2) is false; consider for example a function traversing a binary tree.  You
need some sort of "breadcrumb" trail to backtrack after visiting left
children. This will always be of the form of some sort of stack or queue,
whether explicit or implicit (implied by non-tail recursion).

1) is also questionable.  Tail recursive functions must write over their own
arguments on the stack, which often involves extra move operations just
before the tail call, as they may require the original argument values up
until the last new argument values are computed.

Furthermore, accumulator introduction (the process by which non-TC functions
are made to be TC) involves reversing the order of the arguments to the
function which is called after the tail call.  Concrete example: a
tail-recursive map must append results to the right of a list rather than
the left.  This can have performance implications, as it does in this
example (append from the left is O(1), append from the right is O(n)).

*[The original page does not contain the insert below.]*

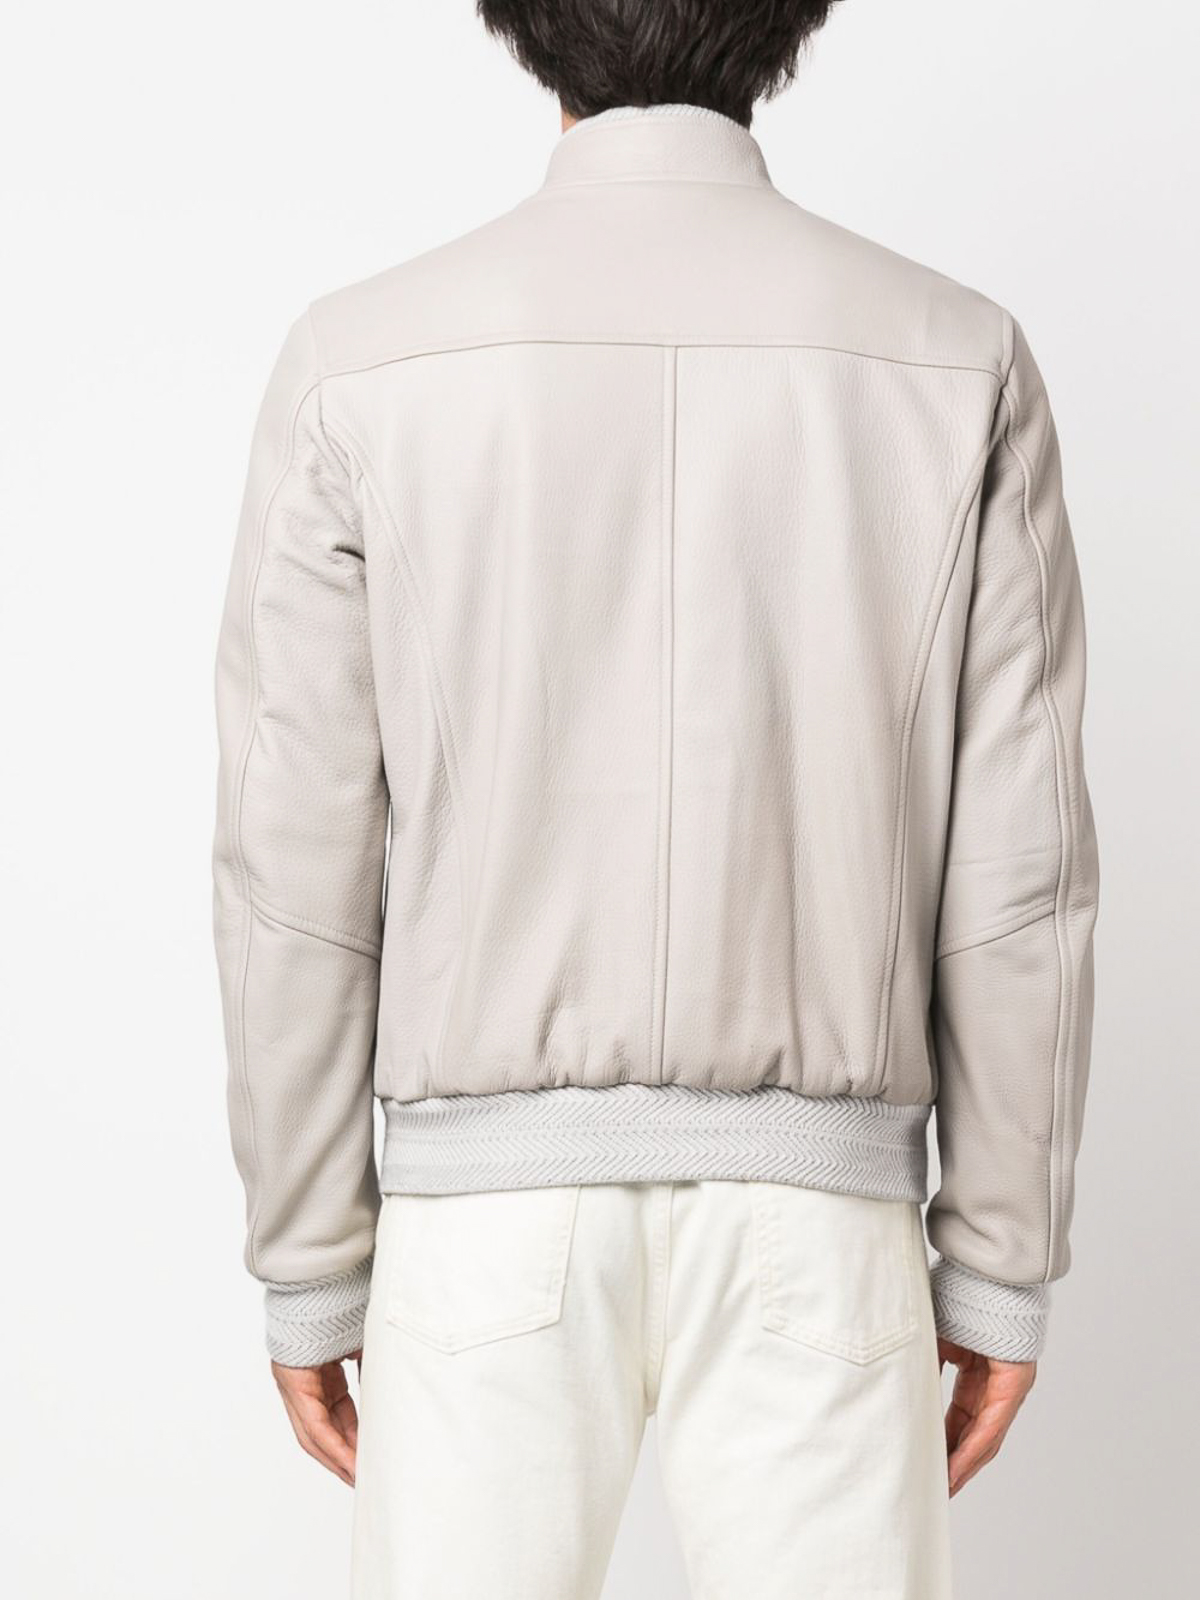 Kired Cloud Reversible Leather Jacket
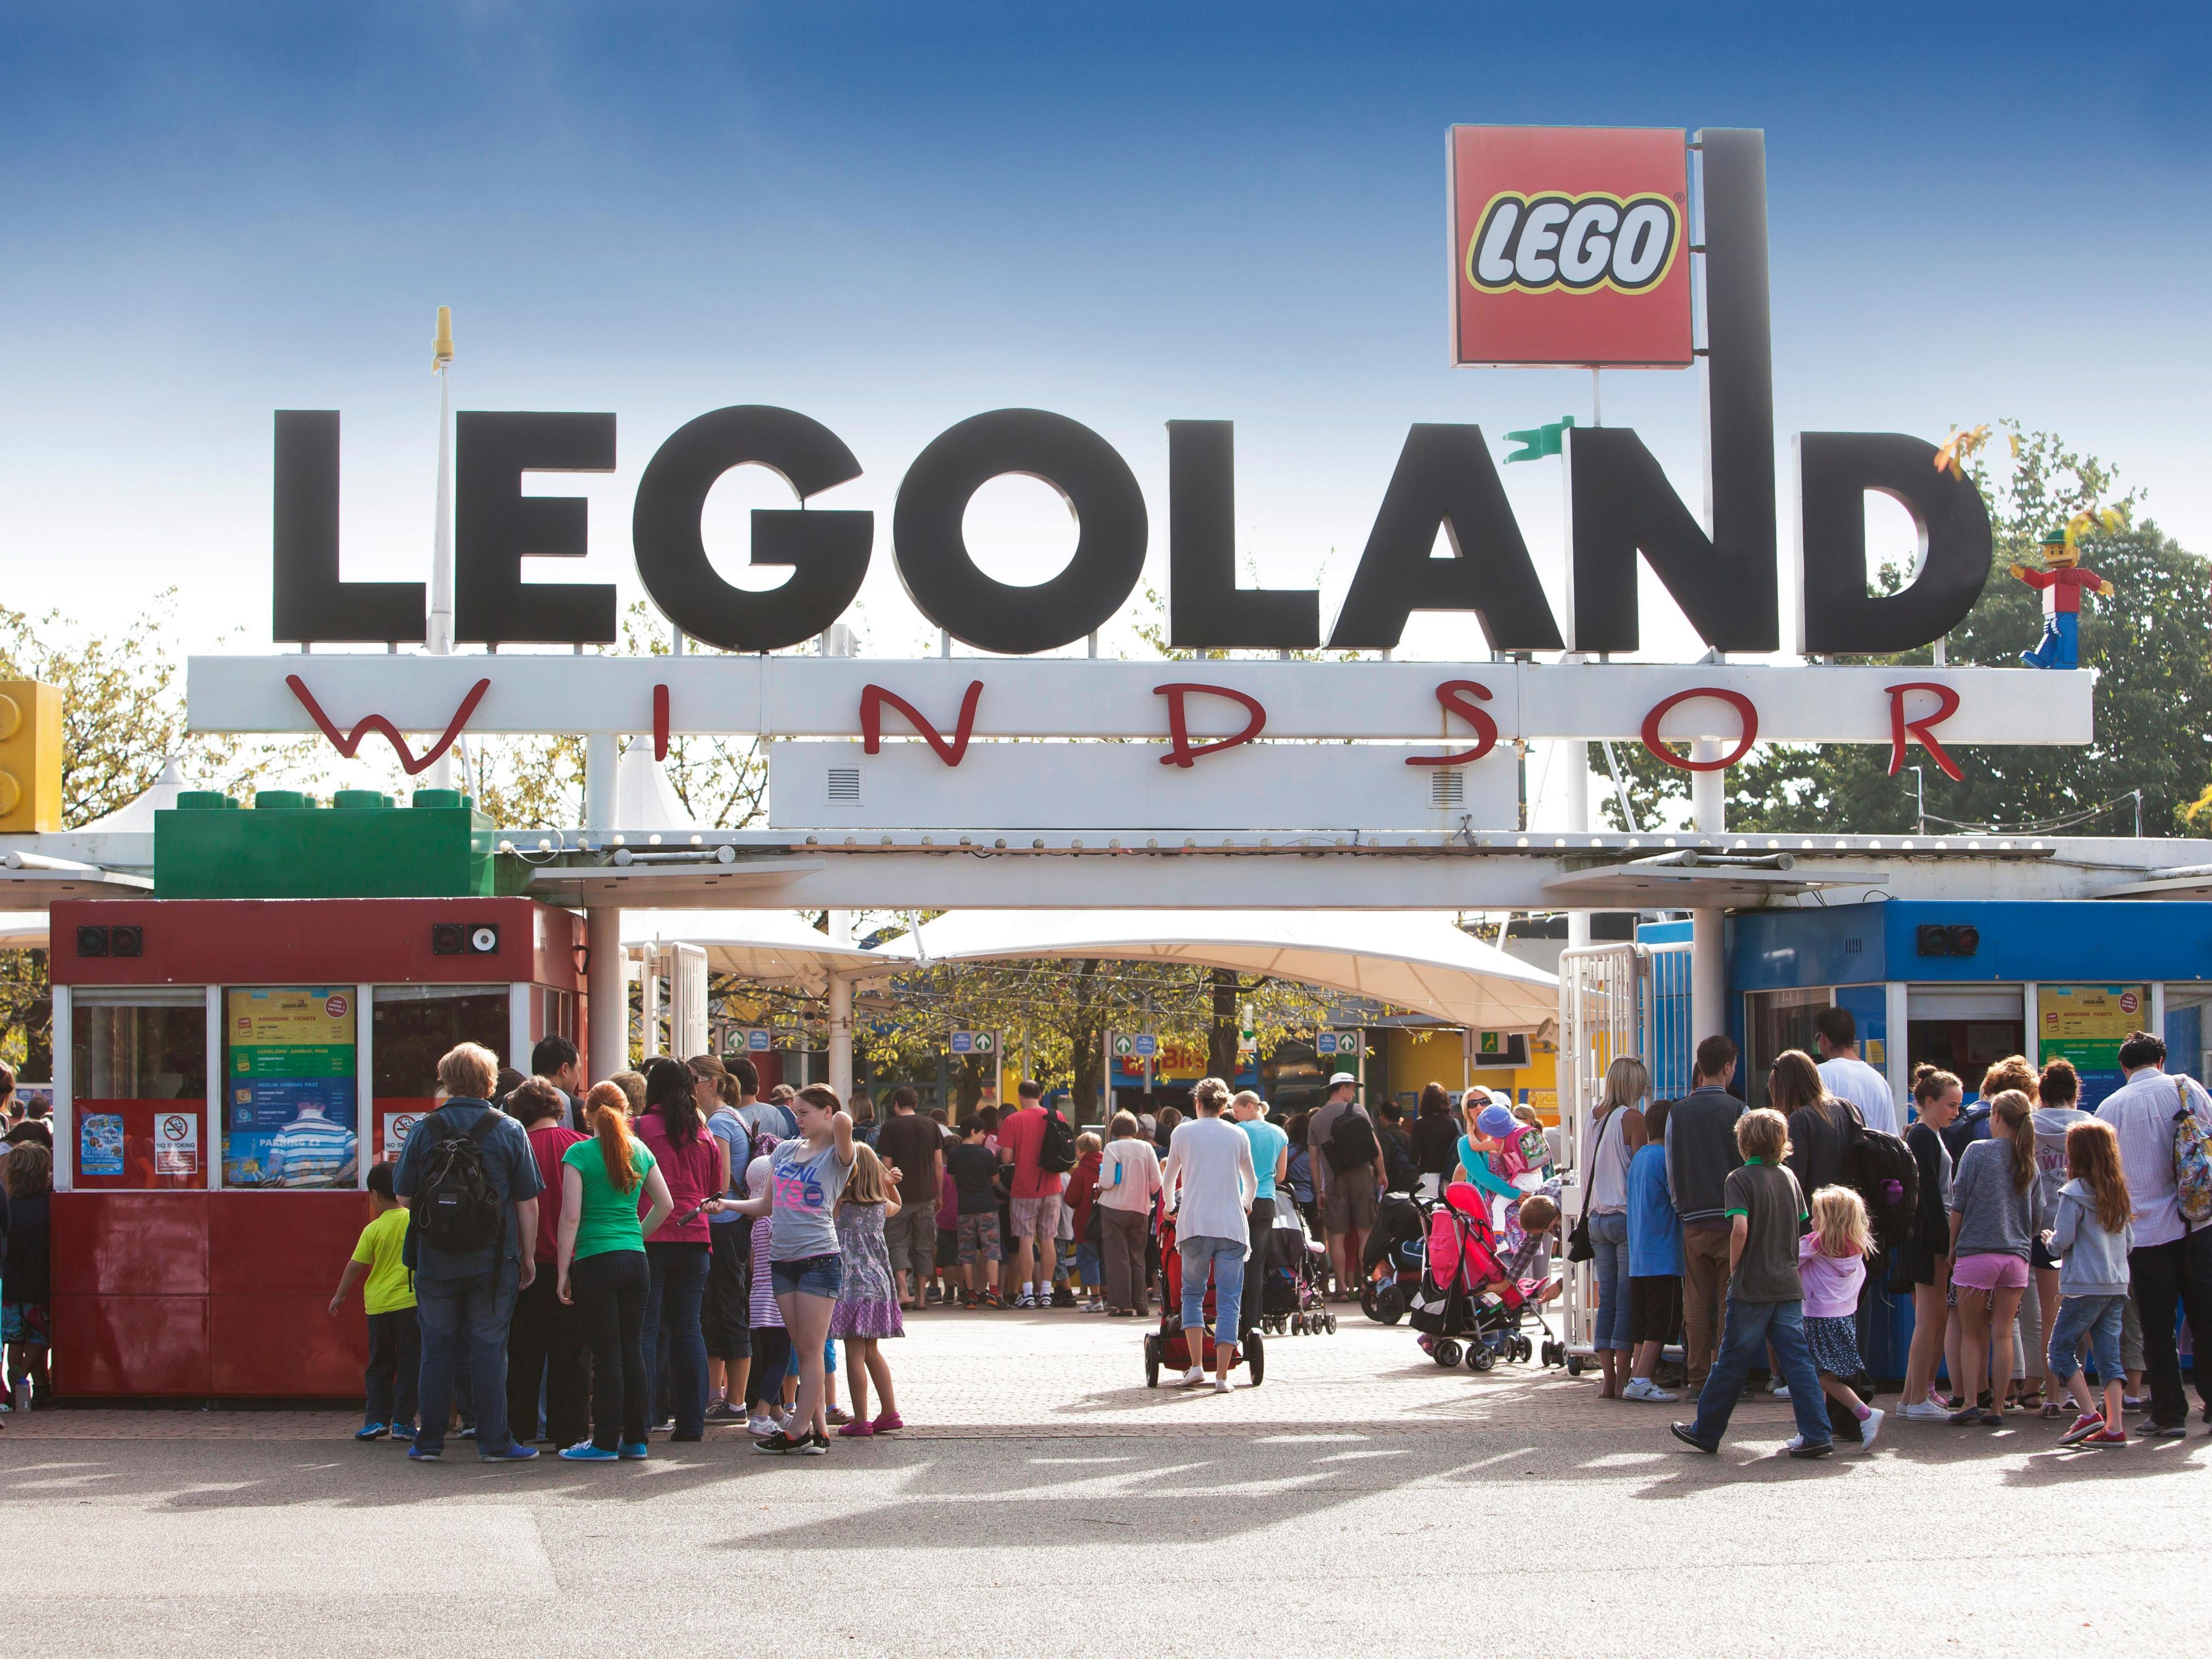 LEGOLAND Windsor- located 4 miles from Holiday Inn Express Slough

The Mercury language does what you suggest, and even in cases where argument
order is irrelevant (e.g. summing a list) my own tests have shown slight
speed *losses* due to the stack shuffling described above.  The non-tail
recursive version of a function performs fewer memory accesses than the
tail-recursive version since it need not write arguments to a temporary
place before the recursive call.

To sum up, the only benefit of tail recursion is to limit stack growth and
memory usage.

Hope this helps.

- Chris

On May 13, 2011 6:51 AM, "OGrandeDiEnne" <[email protected]> wrote:

Hello people,
considering that

1) tail recursion is faster than non-tail-recursion (because it does
not have put a call in the stack for each iteration)

2) it is possible to convert any non-tail-recursive function into a
tail-recursive function

Is worth it to rewrite functions in tail-recursive ? Is Ocaml compiler
already converting my non-tail recursive functions into tail version,
when compiling?

Since this conversion can be made by a compiler, why bother to
rewrite ? Tail-recursive code can be harder to reason about.